> [Directions for this task]: Reproduce word for word, from the entries below, the line with "Godox Standard Reflector", the line with "Shawn Mendes Wallpaper Desktop", and every line between them, and nothing more.

Records from a data source
━━━━━━━━━━━━━━━━
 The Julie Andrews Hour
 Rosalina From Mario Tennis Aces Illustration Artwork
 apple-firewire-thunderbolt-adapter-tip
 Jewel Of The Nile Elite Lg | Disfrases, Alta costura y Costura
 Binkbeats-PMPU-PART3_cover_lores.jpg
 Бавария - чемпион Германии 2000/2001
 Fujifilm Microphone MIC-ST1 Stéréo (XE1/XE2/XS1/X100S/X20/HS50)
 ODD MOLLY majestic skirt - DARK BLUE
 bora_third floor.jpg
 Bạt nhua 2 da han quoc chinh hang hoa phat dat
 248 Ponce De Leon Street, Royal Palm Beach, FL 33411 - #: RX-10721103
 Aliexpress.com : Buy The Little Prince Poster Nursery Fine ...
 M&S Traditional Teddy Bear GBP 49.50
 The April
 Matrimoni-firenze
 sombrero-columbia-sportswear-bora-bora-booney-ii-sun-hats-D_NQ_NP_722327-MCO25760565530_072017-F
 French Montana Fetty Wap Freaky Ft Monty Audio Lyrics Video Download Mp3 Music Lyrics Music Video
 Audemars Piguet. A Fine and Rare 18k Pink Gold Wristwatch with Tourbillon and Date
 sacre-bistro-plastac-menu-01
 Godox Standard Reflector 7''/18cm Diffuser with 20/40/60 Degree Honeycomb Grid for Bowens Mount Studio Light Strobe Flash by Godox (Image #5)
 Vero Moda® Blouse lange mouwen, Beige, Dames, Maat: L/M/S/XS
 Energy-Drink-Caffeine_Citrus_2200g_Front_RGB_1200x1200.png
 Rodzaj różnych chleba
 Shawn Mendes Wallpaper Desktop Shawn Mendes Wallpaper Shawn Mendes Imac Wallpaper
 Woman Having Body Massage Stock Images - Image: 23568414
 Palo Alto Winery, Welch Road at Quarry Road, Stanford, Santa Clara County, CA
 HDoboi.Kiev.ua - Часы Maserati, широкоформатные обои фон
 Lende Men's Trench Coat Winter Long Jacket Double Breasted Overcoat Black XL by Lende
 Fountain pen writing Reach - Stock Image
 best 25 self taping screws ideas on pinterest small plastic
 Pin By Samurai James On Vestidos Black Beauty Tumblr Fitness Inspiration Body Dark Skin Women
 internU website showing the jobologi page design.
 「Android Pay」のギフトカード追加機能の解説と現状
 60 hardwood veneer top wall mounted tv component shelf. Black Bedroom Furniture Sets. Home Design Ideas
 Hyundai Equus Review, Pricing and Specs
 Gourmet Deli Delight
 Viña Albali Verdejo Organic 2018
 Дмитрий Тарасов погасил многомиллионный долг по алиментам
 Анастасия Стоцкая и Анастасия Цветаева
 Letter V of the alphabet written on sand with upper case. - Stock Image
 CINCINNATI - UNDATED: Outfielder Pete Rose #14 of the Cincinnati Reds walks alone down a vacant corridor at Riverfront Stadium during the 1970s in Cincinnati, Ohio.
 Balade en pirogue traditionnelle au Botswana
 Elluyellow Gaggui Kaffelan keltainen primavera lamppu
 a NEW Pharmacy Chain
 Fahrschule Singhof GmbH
━━━━━━━━━━━━━━━━
> [Result for this exercise]:
 Godox Standard Reflector 7''/18cm Diffuser with 20/40/60 Degree Honeycomb Grid for Bowens Mount Studio Light Strobe Flash by Godox (Image #5)
 Vero Moda® Blouse lange mouwen, Beige, Dames, Maat: L/M/S/XS
 Energy-Drink-Caffeine_Citrus_2200g_Front_RGB_1200x1200.png
 Rodzaj różnych chleba
 Shawn Mendes Wallpaper Desktop Shawn Mendes Wallpaper Shawn Mendes Imac Wallpaper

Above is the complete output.